# Lead Tone Same As Rhythm Tone For Heavier Stuff?



## player99 (Sep 5, 2019)

I have been playing with a decent amount of overdrive and compression. I am using the same tone for lead as I am for rhythm, with no volume knob adjustments. Just the same exact tone. Anyone else do this?


----------



## cboutilier (Jan 12, 2016)

I often do for my cleaner stuff, but sometimes crunchy stuff too. You can let your right hand attitude push the lead through the mix.

This is especially true with a really dynamic amp like a 5E3


----------



## Dorian2 (Jun 9, 2015)

Depends what I'm playing. I do it for the heavier stuff for sure. KISS principal. If I want something a bit different my Flashback mini or Phase 95 pedals come in really handy. But I use my Tone and Volume a hella lot as well. Depends on the song or situation.


----------



## cdntac (Oct 11, 2017)

I only occasionally switch over to the neck pickup when soloing. 

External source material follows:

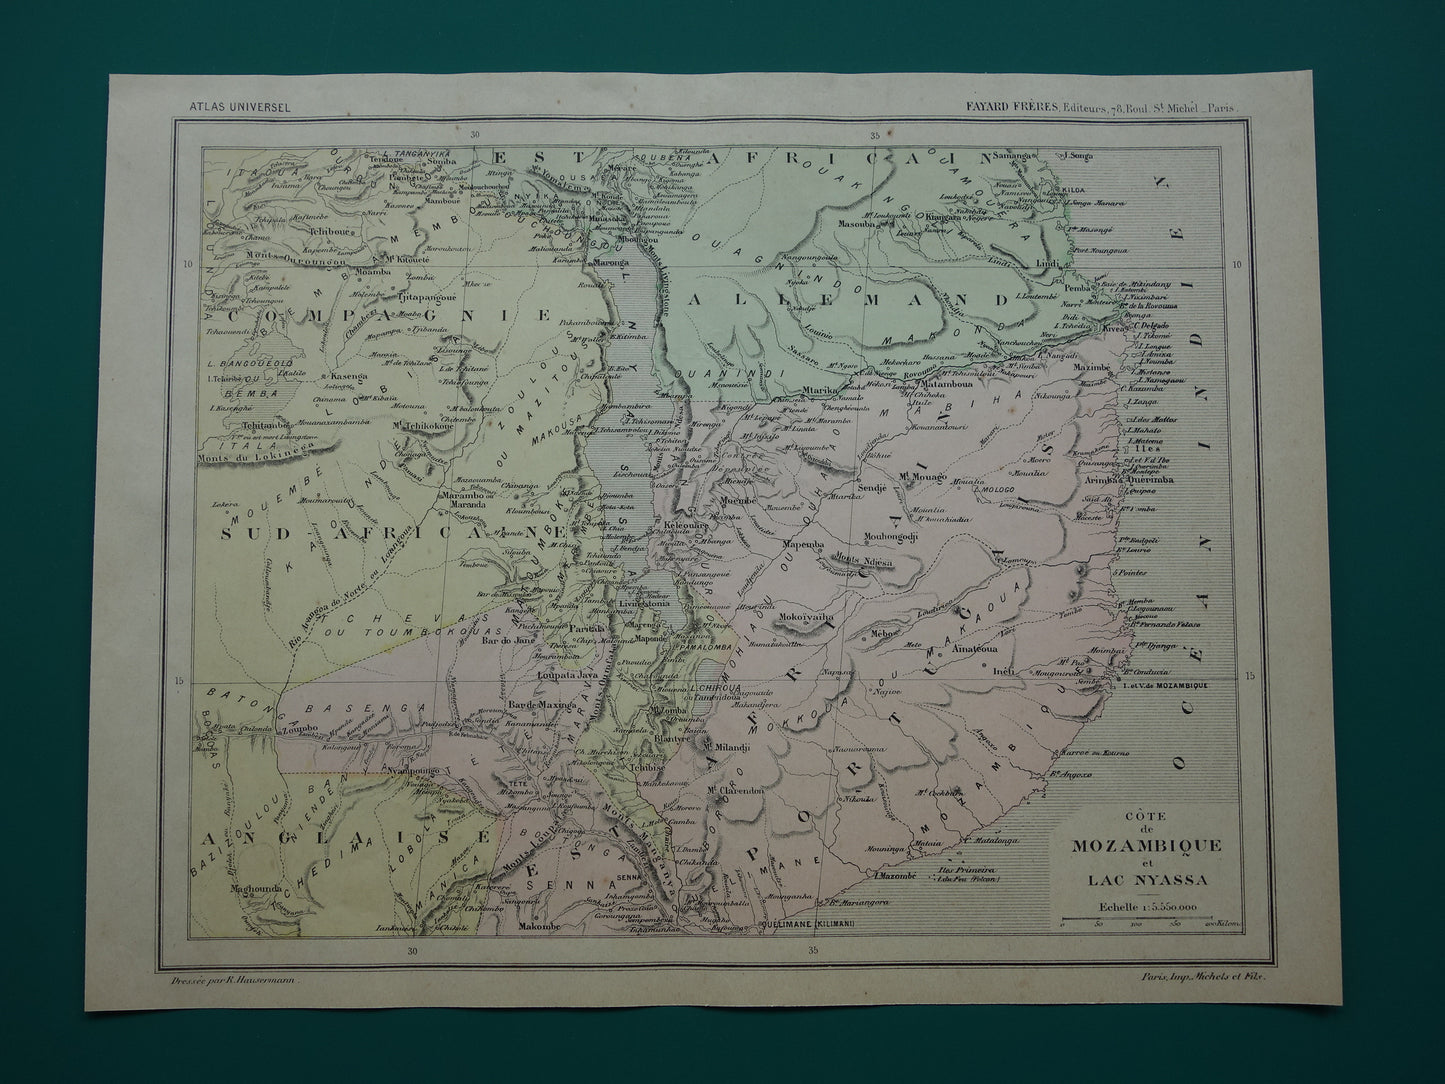 Mozambique Oude kaart van Mozambique Malawimeer uit 1896 antieke handgekleurde landkaart Lake Malawi

Otherwise I use the bridge pickup for rhythm and lead and adjust the volume or my picking/strumming as needed.


----------



## Wardo (Feb 5, 2010)

Most of the time I’m on the back pickup with my tele and with LP Jr obviously there’s no other choice. As for volume, my amps seem dynamic enough for most of what I do so when I need a bit more on a riff or whatever I just pick harder and that’s enough.


----------